I leaned closer, just enough that my lips almost brushed against his. “You’re going to have to try a little harder, Ben.”

And with that, I slid under the metal railing, turned in midair, and grabbed the ladder in free fall. Ben’s eyes went wide, but he relaxed the moment he saw me dangling from the rungs.

“I deserve that,” he said.

I pulled myself back up on the ladder until I was at eye level with him. I gave him a quick kiss. “Yes, you do.”





10




Your childe may surprise you with his or her interests. Remember that a vampire with hobbies is forty percent less likely to have a “rampage” incident.

—The Accidental Sire: How to Raise an Unplanned Vampire

Jane’s bookshop was a colorful, comfortable, quirky paradise. My inner book nerd rejoiced at the squashy purple chairs, the pretty knickknacks, the cozy smell of coffee and blood percolating behind the maple coffee bar. Crystals and silver figurines and geodes took up space along the upper shelves, displayed to catch the eye but high enough that they didn’t make the place look cluttered.

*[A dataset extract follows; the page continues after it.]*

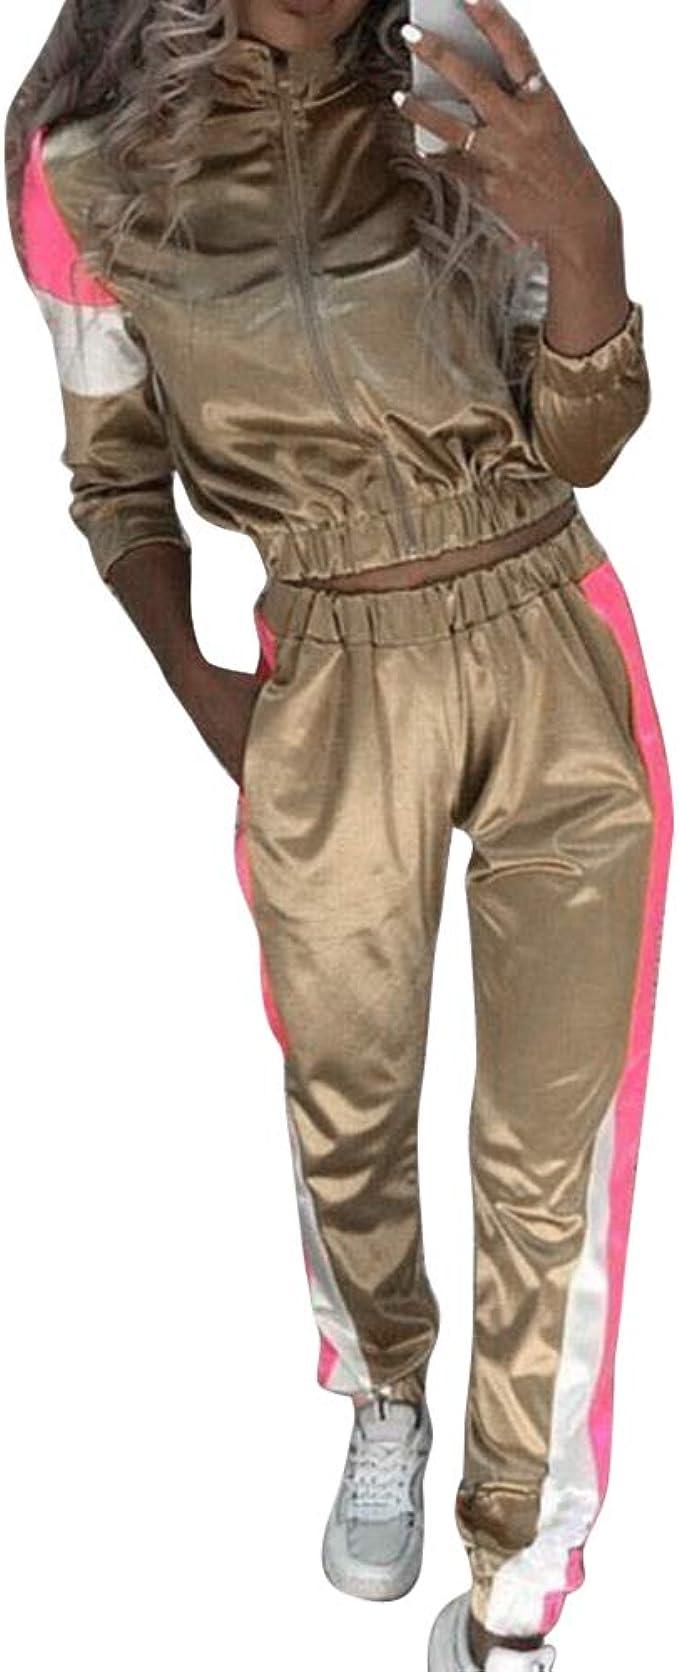 Unifizz Damen Jumpsuit Jogger Jogging Sport Trainingsanzug Overall Freizeitanzug Sportanzug 2 St/ück Outfits Pullover Hoodie Frauen Sweatpants Set

The book selection covered a little bit of everything: classic literature, graphic novels, straight-up occult studies, and a huge array of vampire self-help books. That made sense, given the number of vampires who circulated through the door.

I absolutely loved it.

It was safe for me to be there. While plenty of people would recognize Ben if he sat in the middle of Specialty Books working on his laptop, no one outside of Jane’s trust circle would recognize me. It reminded me of Pages, the little independent bookshop in my hometown where I spent a sad number of Friday nights in high school. While Ben was spending tonight working in the IT office, I’d gotten permission from Jane to take the night off so I could do a history assignment that had me stumped. Dr. Baker was a stickler for punctuality and punctuation, so my usual trick of turning in a first draft would not fly.